Bug 2128929 - [rhel9.2] hotplug/hotunplug mlx vdpa device to the occupied addr port, then qemu core dump occurs after shutdown guest

Comment 20 ybendito 2023-07-21 11:13:33 UTC
(In reply to Yanhui Ma from comment #19)
> Here is a bug maybe related with
> 'ICH9-LPC.acpi-pci-hotplug-with-bridge-support=off', and the bug was fixed
> in qemu-kvm-8.0.0-7.el9. But for failover vf migration, there is one
> qemu-kvm crash bug in qemu-kvm-8.0.0-7.el9.

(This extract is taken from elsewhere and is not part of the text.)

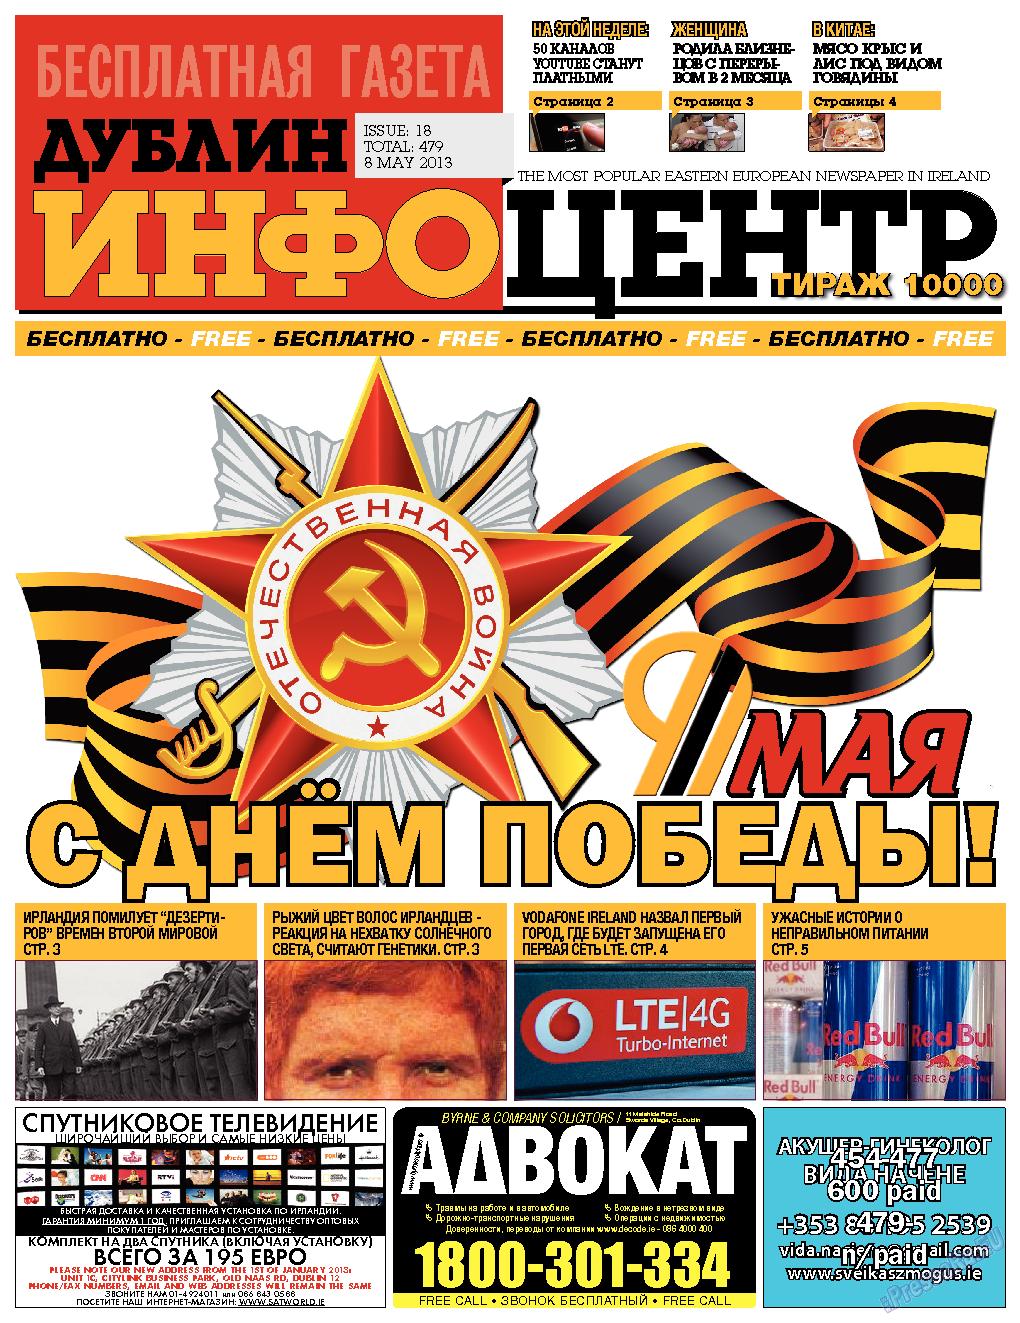 Дублин инфоцентр (газета). 2013 год, номер 18, стр. 1

> https://issues.redhat.com/browse/RHEL-832
> 
> 
> Bug 2128929 - [rhel9.2] hotplug/hotunplug mlx vdpa device to the occupied
> addr port, then qemu core dump occurs after shutdown guest

I think the BZ https://bugzilla.redhat.com/show_bug.cgi?id=2128929 is not related to failover problem
The mentioned BZ is for _plug_ problem into wrong/occupied address.
_Our_ problem is for _unplug_ of VF during migration with failover.